Lodz

Marcel Szytenchelm - Gallery of Great Citizens of Łódź

more than a year ago
While much of Łódź may still look like it’s ready to keel over (an ongoing task of revitalisation!), the main drag - ul. Piotrkowska - is something of a feast for the eyes; scrubbed, bevelled and back to its best this art nouveau masterpiece is, for many, the whole reason for visiting. Full of magnificent diversions it’s a street of intricate facades, of swerving rickshaws and hidden courtyards. It’s also a street of bars, where memories are forged and forgotten in equal measure. And it’s while crashing in and out of these aforementioned hostelries visitors occasionally find themselves bouncing into something hard and bronze – statues. You’ll find six in all, and they’re all the work of one man: Marcel Szytenchelm.

Actor, director and lover of all things Łódź, Szytenchelm hails originally from Gdynia, though found his family moving this way in his youth. And it’s to these days he traces his addiction to the city, bred and raised on a diet of long walks and tales from the tomes of Julian Tuwim. On finishing high school Szytenchelm pursued higher learning in Poznań and Warsaw, studying both theatre and acting. On completion of his studies he returned to Łódź, founding the ‘SŁUP’ Theatre in the process. Accolades followed swiftly, and in 1997 his work was recognised by way of a Golden Mask award for theatre. It was also in this year he decided to spread his wings, organising the first Tuwim Day to be held in Łódź; it proved such a success it was to become a regular event on the local calendar, and held approximately every couple of years since. Spurred by the success Szytenchelm organised Wladysław Reymont day the following year, with people dressed in period costume making their way to Lipce by steam train. This too was to become an annual event, and he was awarded gongs for service to the city. By this time our man was in his stride, and decided to go a step further and open a ‘Gallery of Great Citizens of Łódź’. This was to take the form of statues on Piotrkowska, dedicated to the great and good of (what was then) Poland’s second city. Following a design by Szytenchelm sculptor Wojciech Hrynkiewicz came up with a cast-bronze figure of the literary hero Julian Tuwim to be placed on Piotrkowska 104. Unveiled on April 10, 1999, it was a roaring success, with the bench Tuwim is sat on becoming a popular meeting spot for canoodling couples. And tramps.

Voted ‘Citizen of the Year’ by the locals our protagonist liked the idea so much he expanded on it, adding the figure of Artur Rubinstein to Piotrkowska 78 a year later. Weighing one tonne, and depicting the pianist dwarfed behind a winged piano, the sculpture created a storm. A music box was part of the parcel, with the insertion of a two złoty coin allowing visitors to choose a piano tune which would then be played.
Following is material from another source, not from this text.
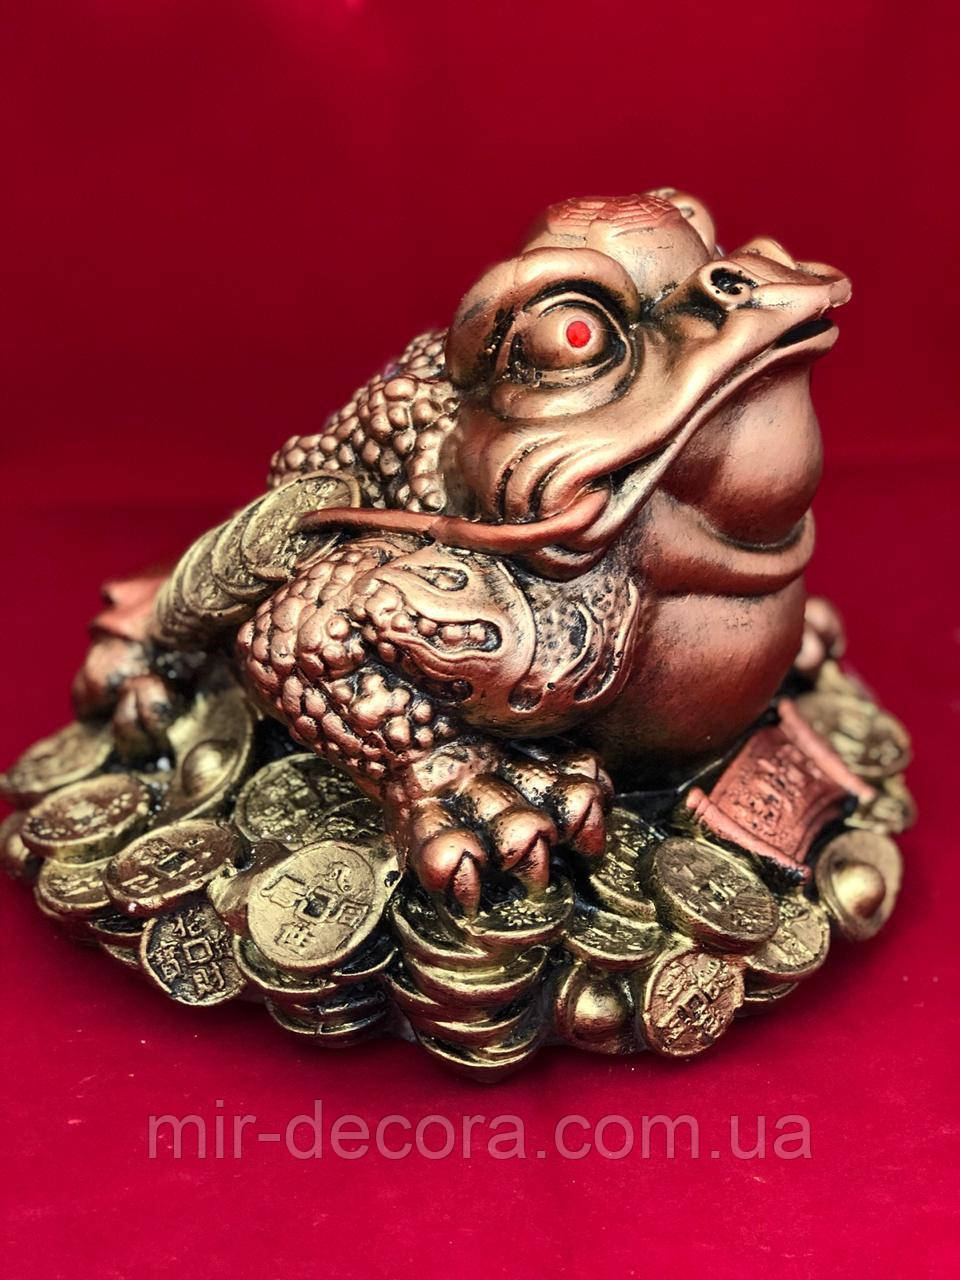 Статуэтка копилка Жаба богатства, 20 на 25 см

The tourists loved it, the critics hated it – not to say the residents who lived directly above the incessant fairground noise. Local art figures slammed the installation, citing amateur workmanship and shoddy proportions. Ewa Rubinstein, the pianist’s daughter, threw her toys right out of the pram, and at one stage threatened to boycott the city unless the statue was removed. Moved to voice her anger to the President and Prime Minister, she was eventually placated by the removal of the music box, though rumours persist of the statue's impending demise.

Szytenchelm, however, remained undeterred by the flak; on September 7, 2001 Wladysław Reymont’s trunk was unveiled on Piotrkowska 137, and the following year his growing arsenal of statues were added to by the appearance of ‘Three Factory Owners’, seated at Piotrkowska 32. Following a quiet spell our man returned in 2006 with the statue of director Stefan Jaracz at the very southern end of the high street, and he followed this up in 2007 with the form of an electrician lighting a streetlamp on Piotrkowska 37. And that’s not to say we’ve seen the last of Szytenchelm. Plans afoot include Władysłąw Jagiełło, the king who granted Łódź its city charter, political activist Rejmond Rembieliński, Władysław Strzemiński (founder of the Łódź Art Academy), as well as the figures of everyday heroes of the past such as an anonymous textile worker and a Jewish shopkeeper.

Critics have been quick to blast the kitschy nature of Szytenchelm’s work, but the artist remains unperturbed: ‘I am doing this for the people, those who don’t like it can honour Rubinstein or Jaracz in their own way’, he has been quoted as saying. And it’s a point worth considering; the same people who lampoon his work are the same people who have done nothing for Łódź. Few have done more to illuminate the city, and surely, one day, Marcel Szytenchelm will be honoured with his own statue.